Given records:
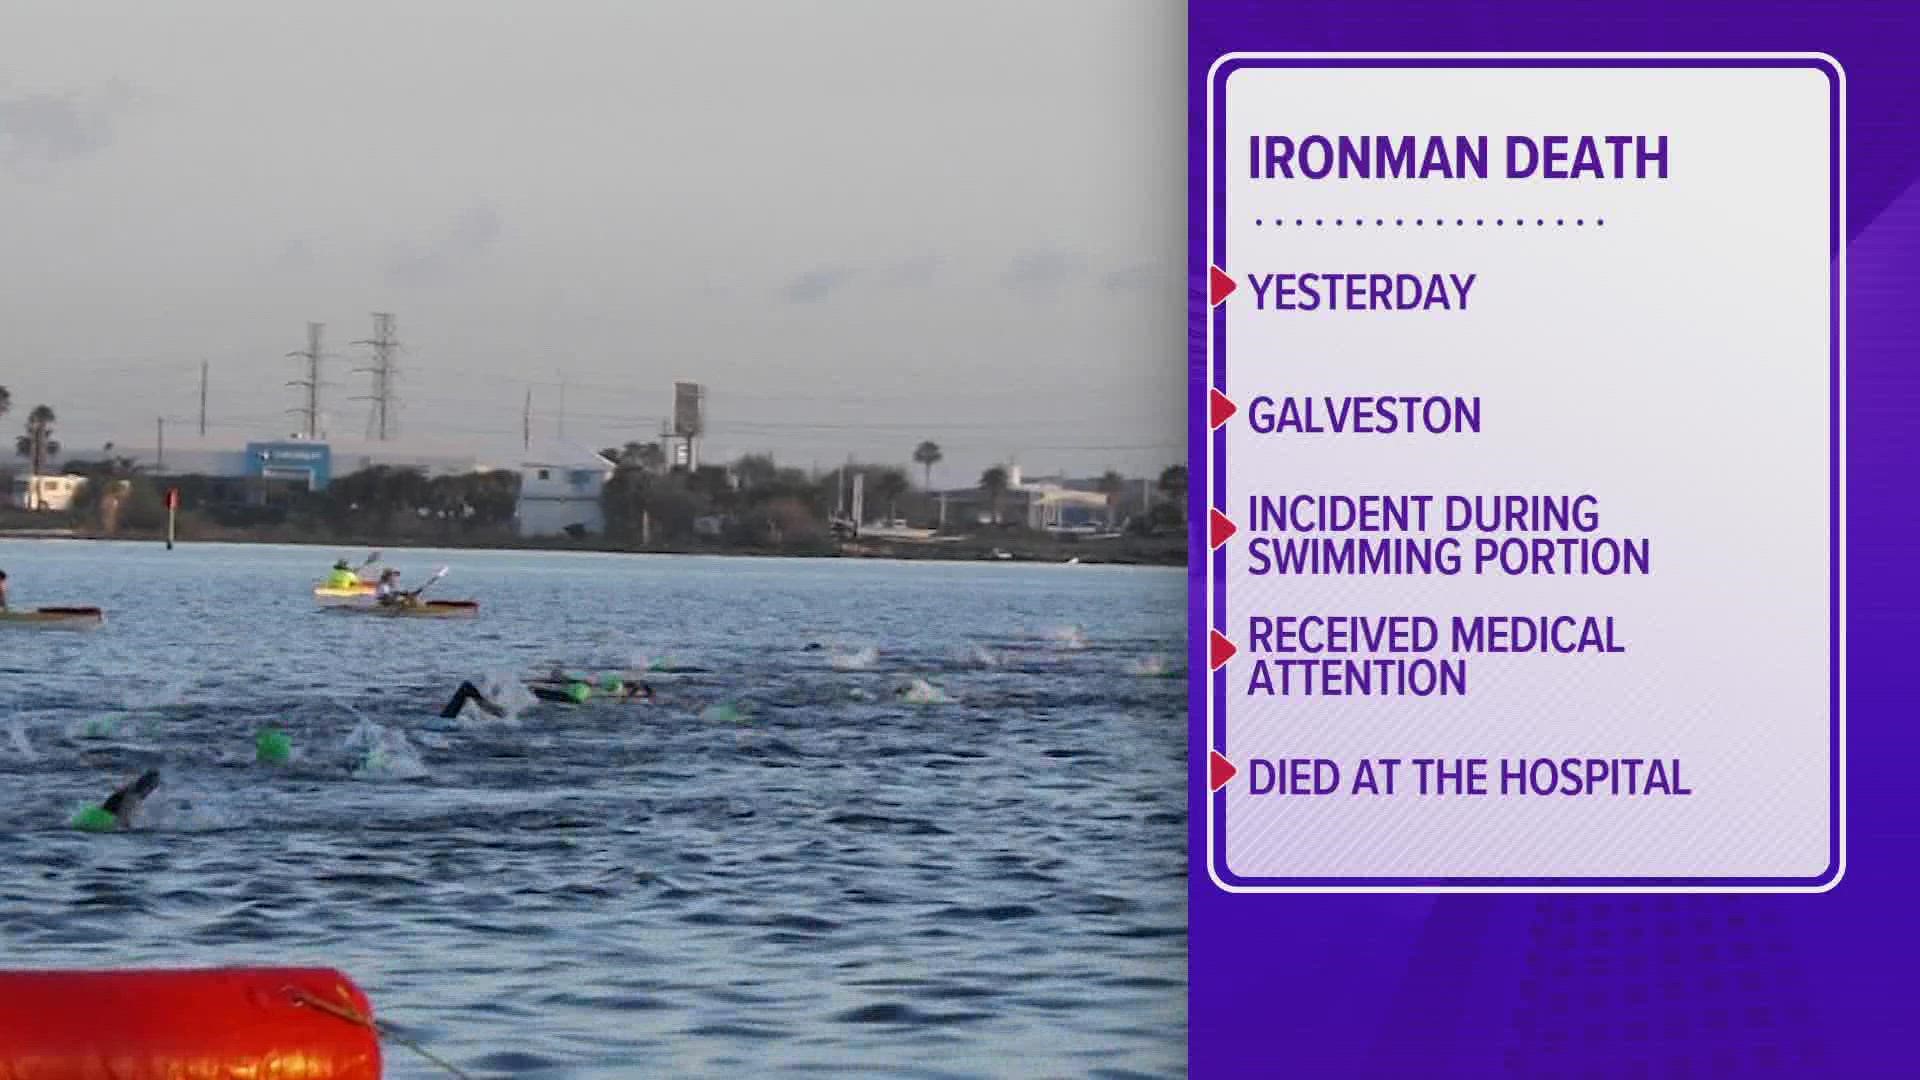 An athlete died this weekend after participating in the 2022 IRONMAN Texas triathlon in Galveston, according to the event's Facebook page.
==
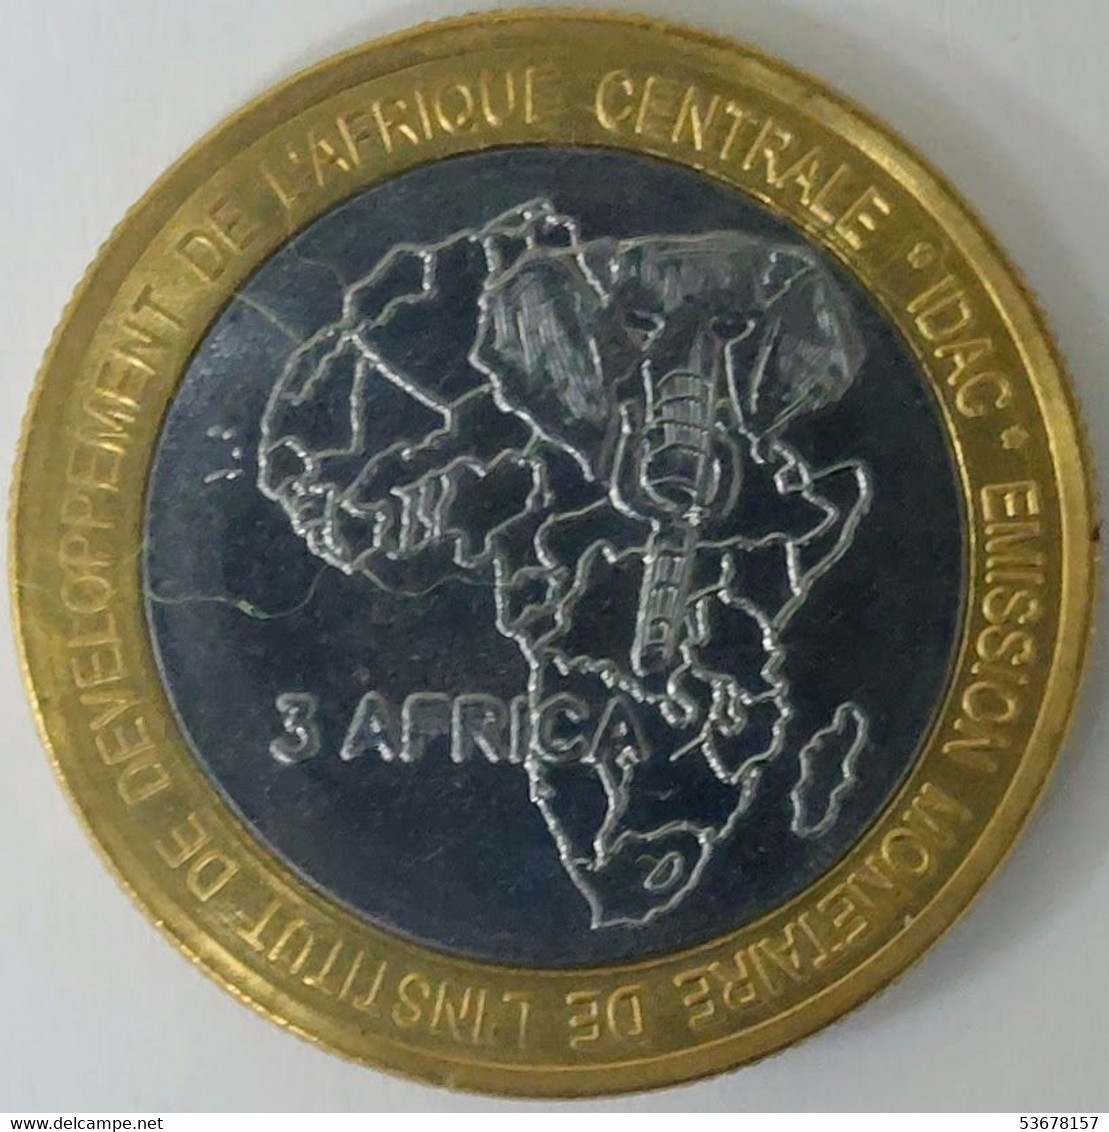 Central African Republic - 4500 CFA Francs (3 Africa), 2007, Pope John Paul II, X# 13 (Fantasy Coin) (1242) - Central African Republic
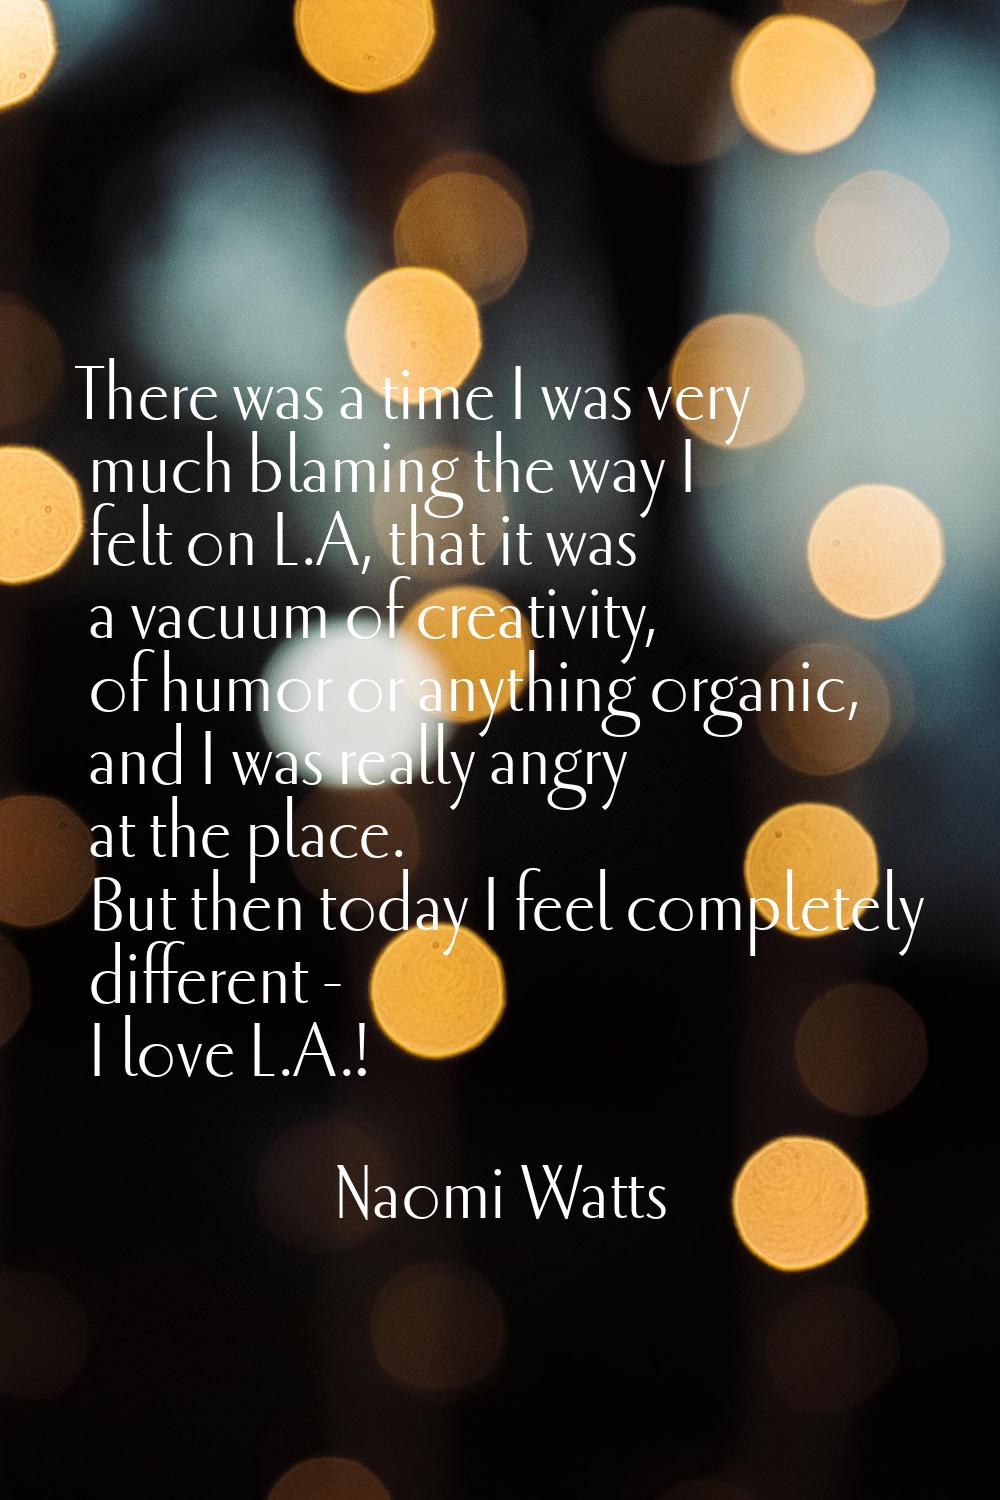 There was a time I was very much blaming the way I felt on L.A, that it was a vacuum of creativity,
* * *
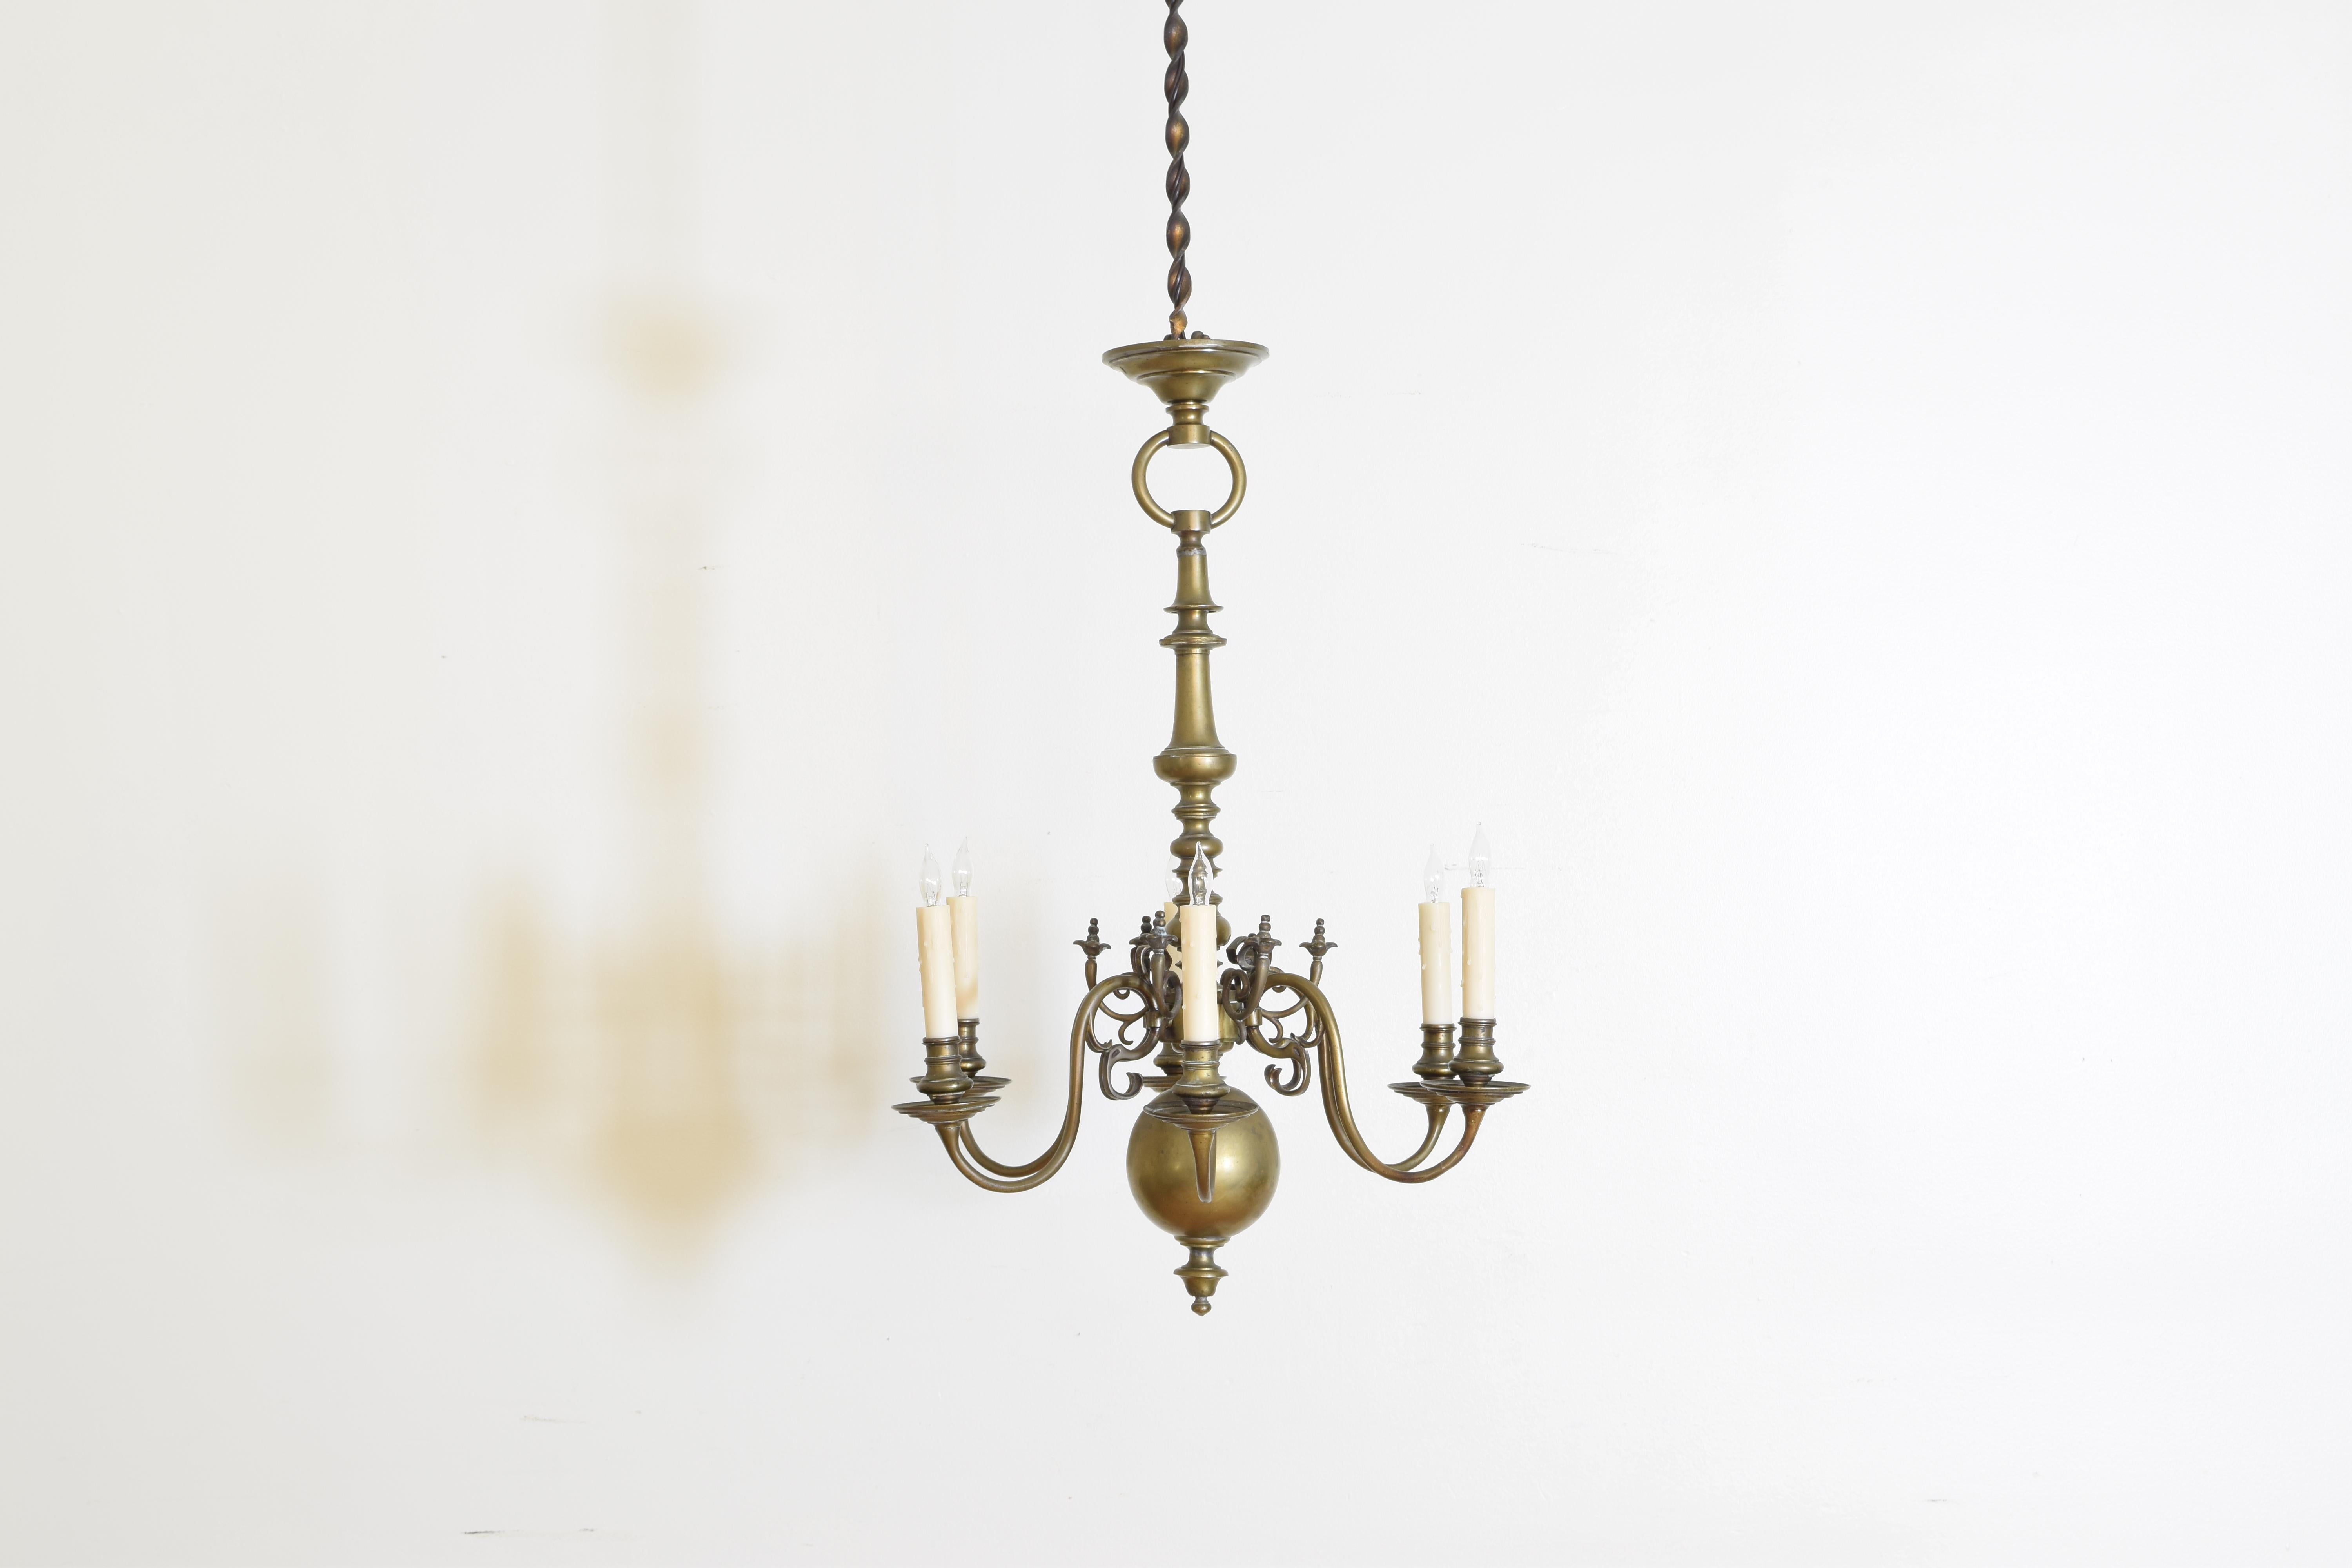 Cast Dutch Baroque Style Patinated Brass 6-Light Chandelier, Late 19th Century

Exercise instructions: In the listing above, find the line with "Central African Republic - 4500" and the line with "There was a". Copy exactly those lines and all between them, minus the images.

Reply to the exercise:
 Central African Republic - 4500 CFA Francs (3 Africa), 2007, Pope John Paul II, X# 13 (Fantasy Coin) (1242) - Central African Republic
 There was a time I was very much blaming the way I felt on L.A, that it was a vacuum of creativity,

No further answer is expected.